Artigo

Seca, política e sanfona

Desde o tempo do Dnocs (Departamento Nacional de Obras Contra as Secas), o que vale dizer, desde o Governo Vargas, a União repassa verbas ao Nordeste no pico das secas. E até hoje o sertanejo continua desassistido no que lhe é mais essencial durante o flagelo: água. Tem de disputá-la, barrenta, salobra e minguada, quase reduzida a lama, com os porcos.

O semiárido baiano e de outras plagas nordestinas padece mais uma vez a reincidência da seca, prevista já no início deste século. O governante, como acaba de fazer a presidente Dilma, empunha a caneta e libera R$ 2,7 bilhões, segundo leio nos jornais. Será que parte desse dinheiro, ao menos, chegará de fato às calcinadas? Duvida-se.

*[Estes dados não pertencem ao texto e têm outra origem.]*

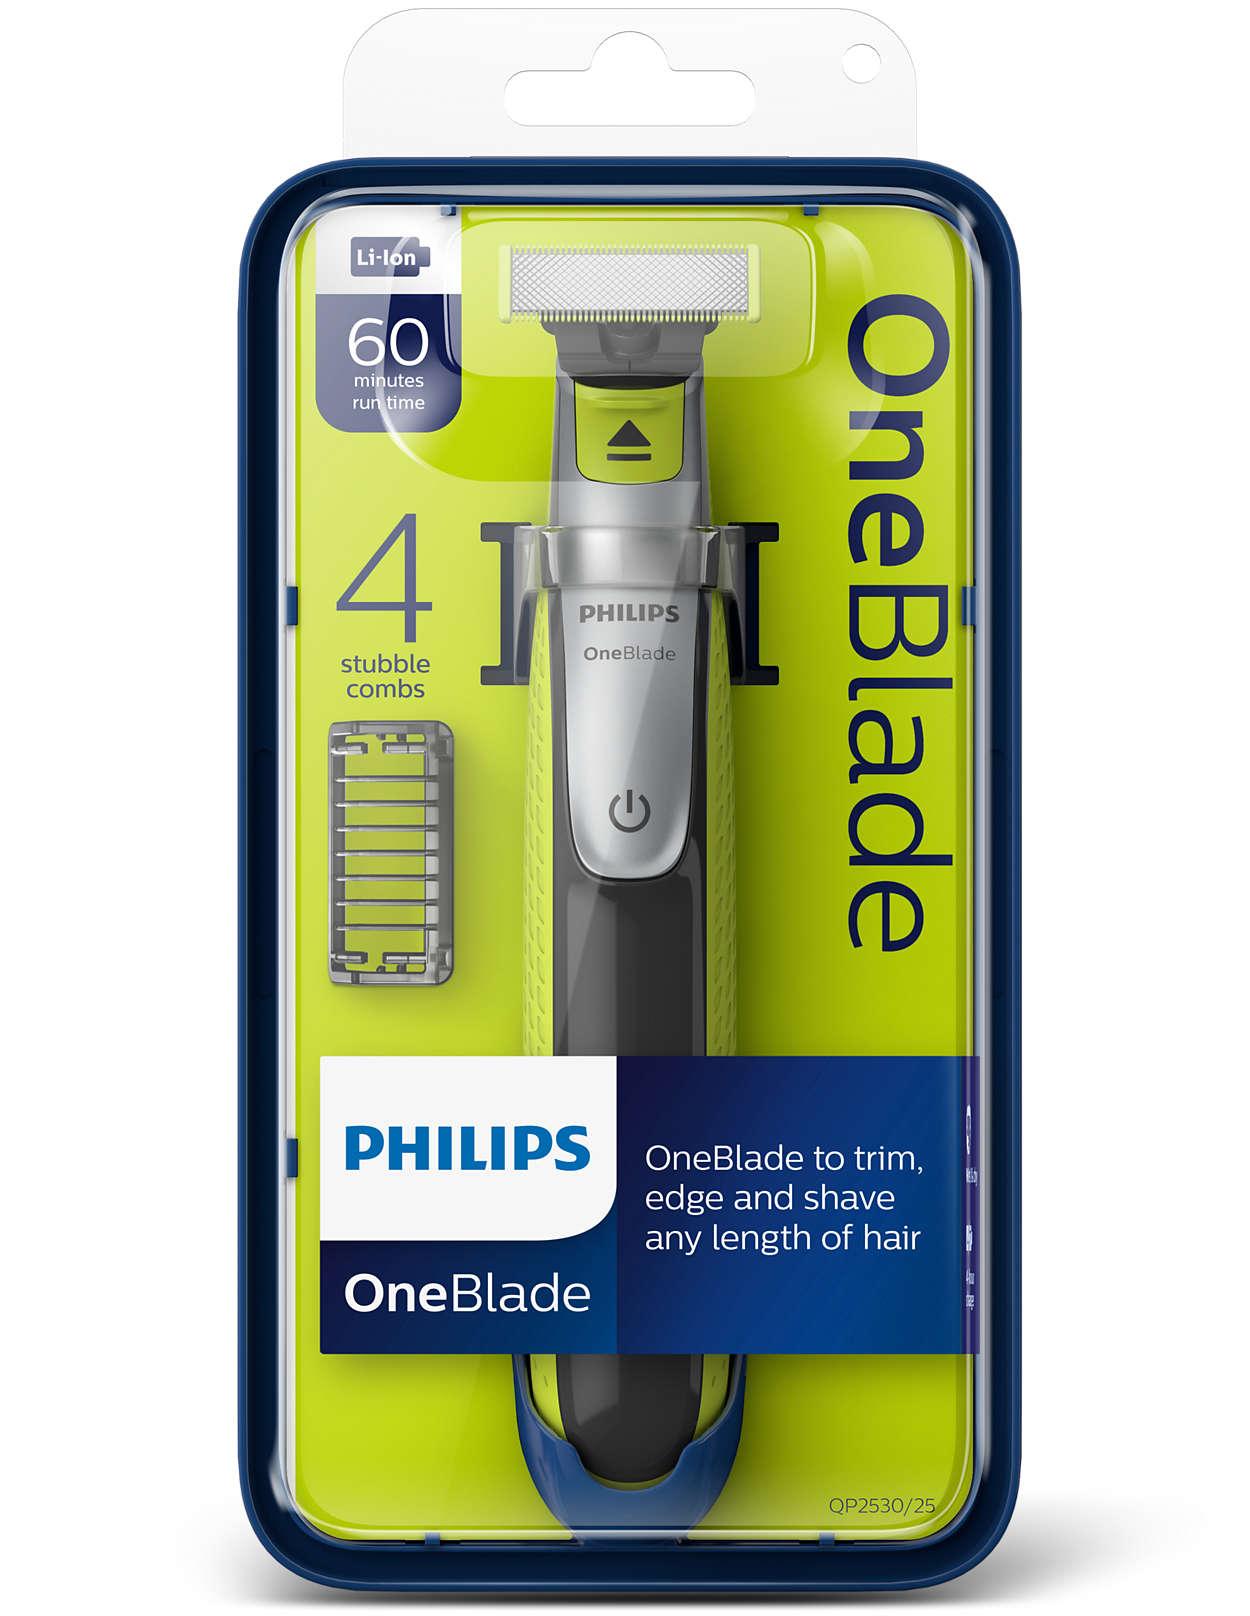 philips oneblade electric trimmer styler shaver 4x combs. Black Bedroom Furniture Sets. Home Design Ideas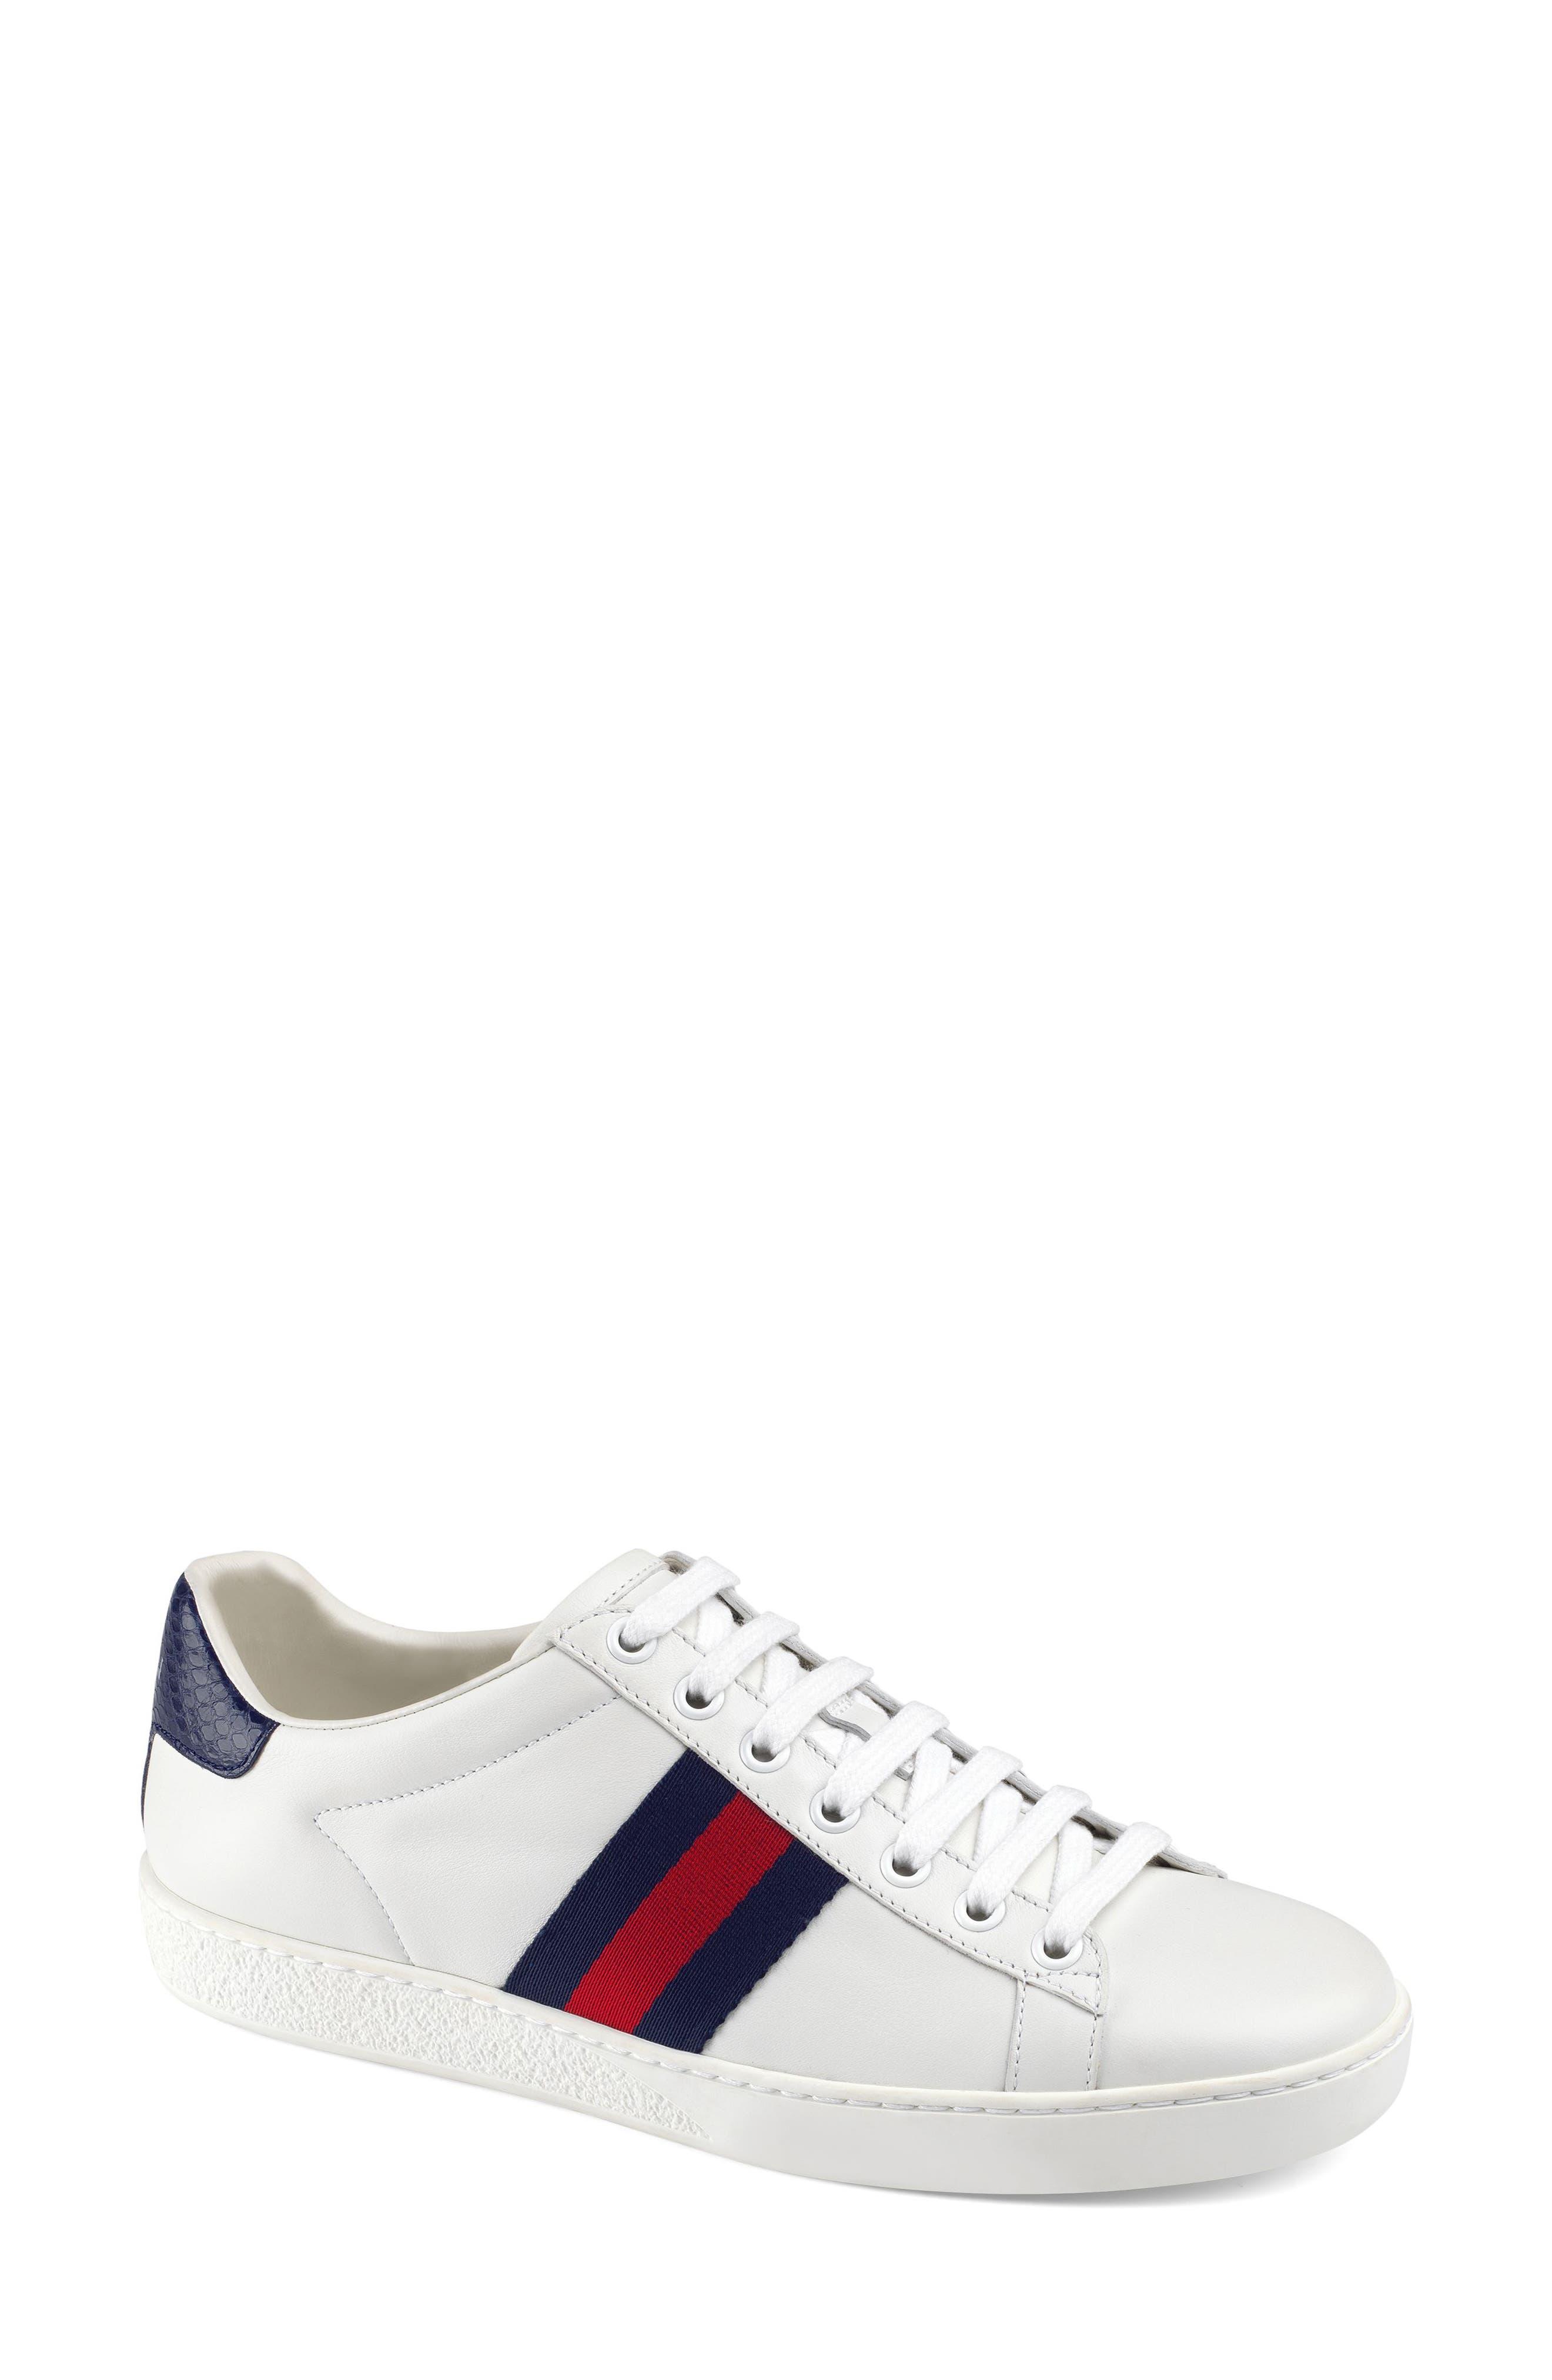 GUCCI 'New Ace' Sneaker, Main, color, 101

A experiência ensinou que, paralelamente à seca, há uma “indústria” da seca, de natureza sociopolítica. Além dos notórios “malfeitos”, falta planejamento do que fazer e como fazer, no bojo de uma estratégia de medidas emergenciais, já que não é impossível impedir o advento da calamidade, caberá uma cesta básica de providências miúdas, mas eficazes, para minorar o sofrimento das populações.

Em comentário ilustrativo ao meu artigo de domingo passado, sobre o assunto, o engenheiro e produtor rural Paulo Cesar Bastos, antes de tudo um sertanejo orgulhoso da cidadania, concordou com a necessidade prioritária de captação e reserva de água, ao longo do ano. Sugere aterros- barragens, transformação de córregos em pequenos açudes, nas estradas vicinais, e naturalmente abertura de poços.

Vai mais além, ao evocar exemplo da Austrália: aproveitamento da capa asfáltica de estradas no semiárido, como implúvios. A água da chuva é retida e desviada para reservatórios às margens. Meio simples e engenhoso de garantir a irrigação de lavouras e famílias.

Aqui, no extenso rol dos “malfeitos”, há desvios de verbas públicas para forró junino. Bandas são pagas regiamente por prefeitos de cidades castigadas pela seca. Desta vez, o Tribunal de Contas parece atento. Veremos se conseguirá mesmo atropelar a desfaçatez do foguetório enquanto a terra racha em volta.